▶ Problem to solve:
Repeat exactly the lines of the entries below from the one with "Four O’Clock's Four" through the one with "浙江省中小学平安校园评估验收评分表汇总", both ends included, and nothing else.

▶ Input for this task:
---*---
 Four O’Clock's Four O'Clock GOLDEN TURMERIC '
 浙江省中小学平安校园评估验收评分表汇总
---*---
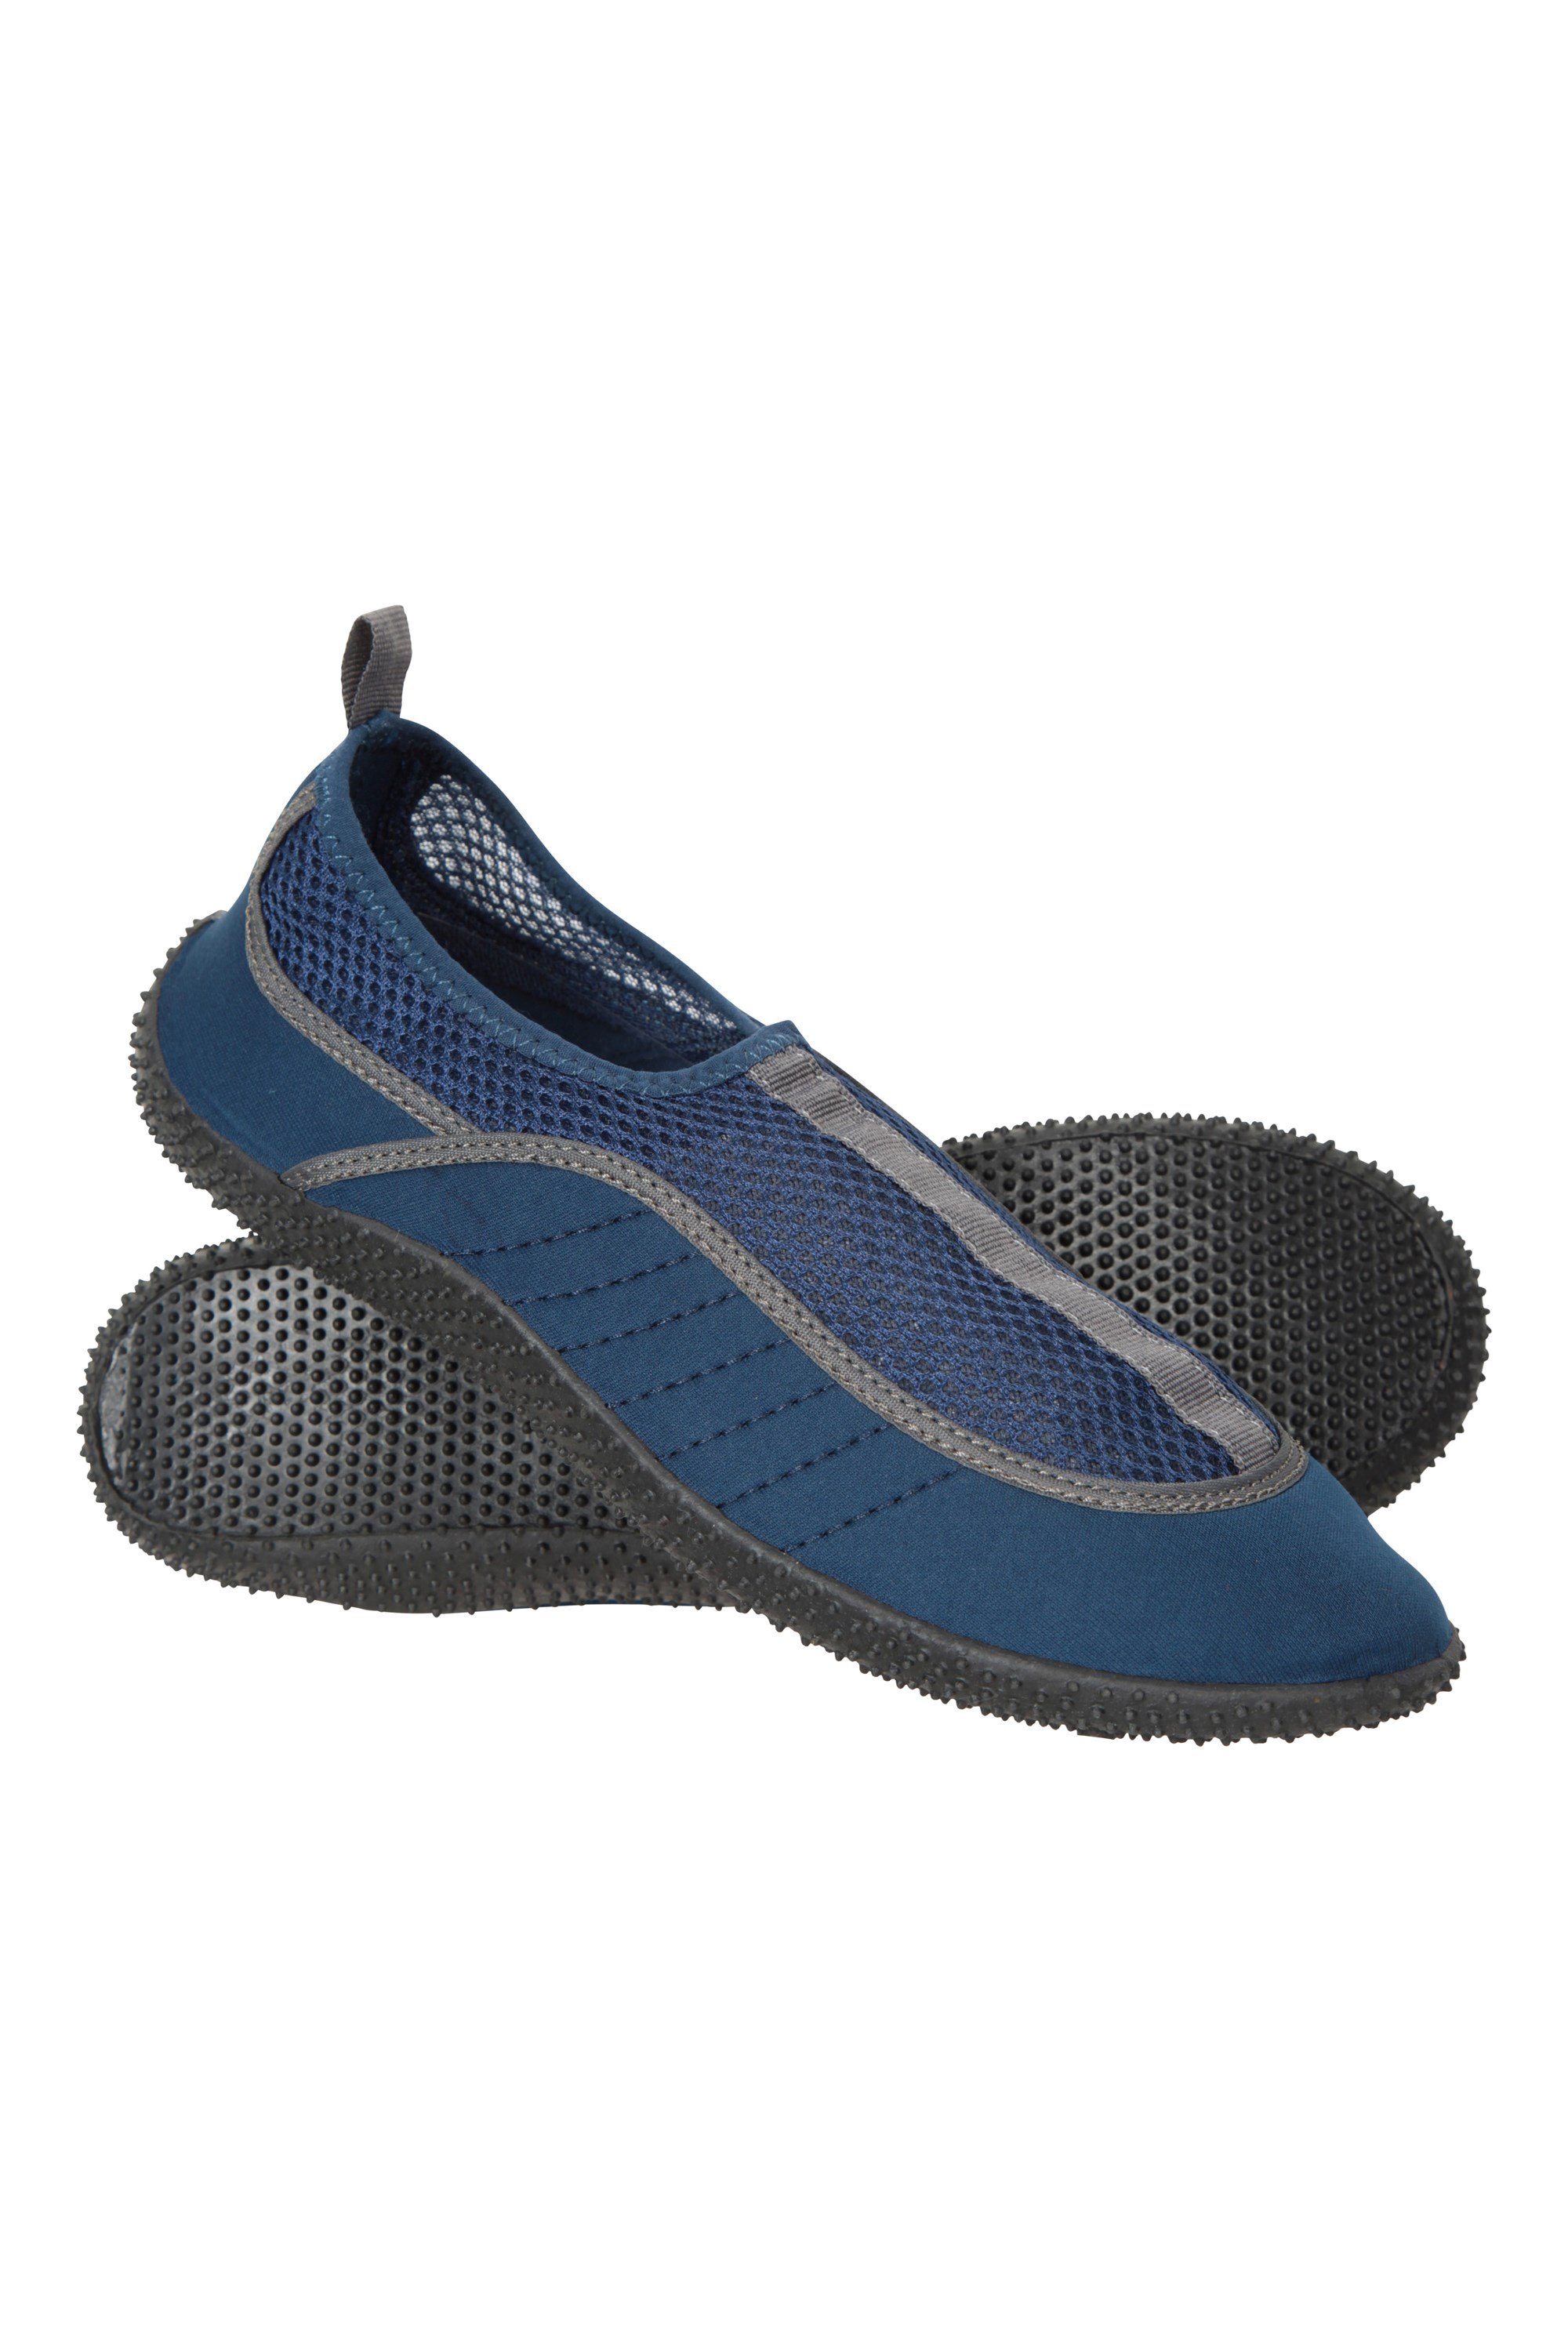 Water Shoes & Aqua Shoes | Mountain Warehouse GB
---*---
▶ Reply:
 Four O’Clock's Four O'Clock GOLDEN TURMERIC '
 浙江省中小学平安校园评估验收评分表汇总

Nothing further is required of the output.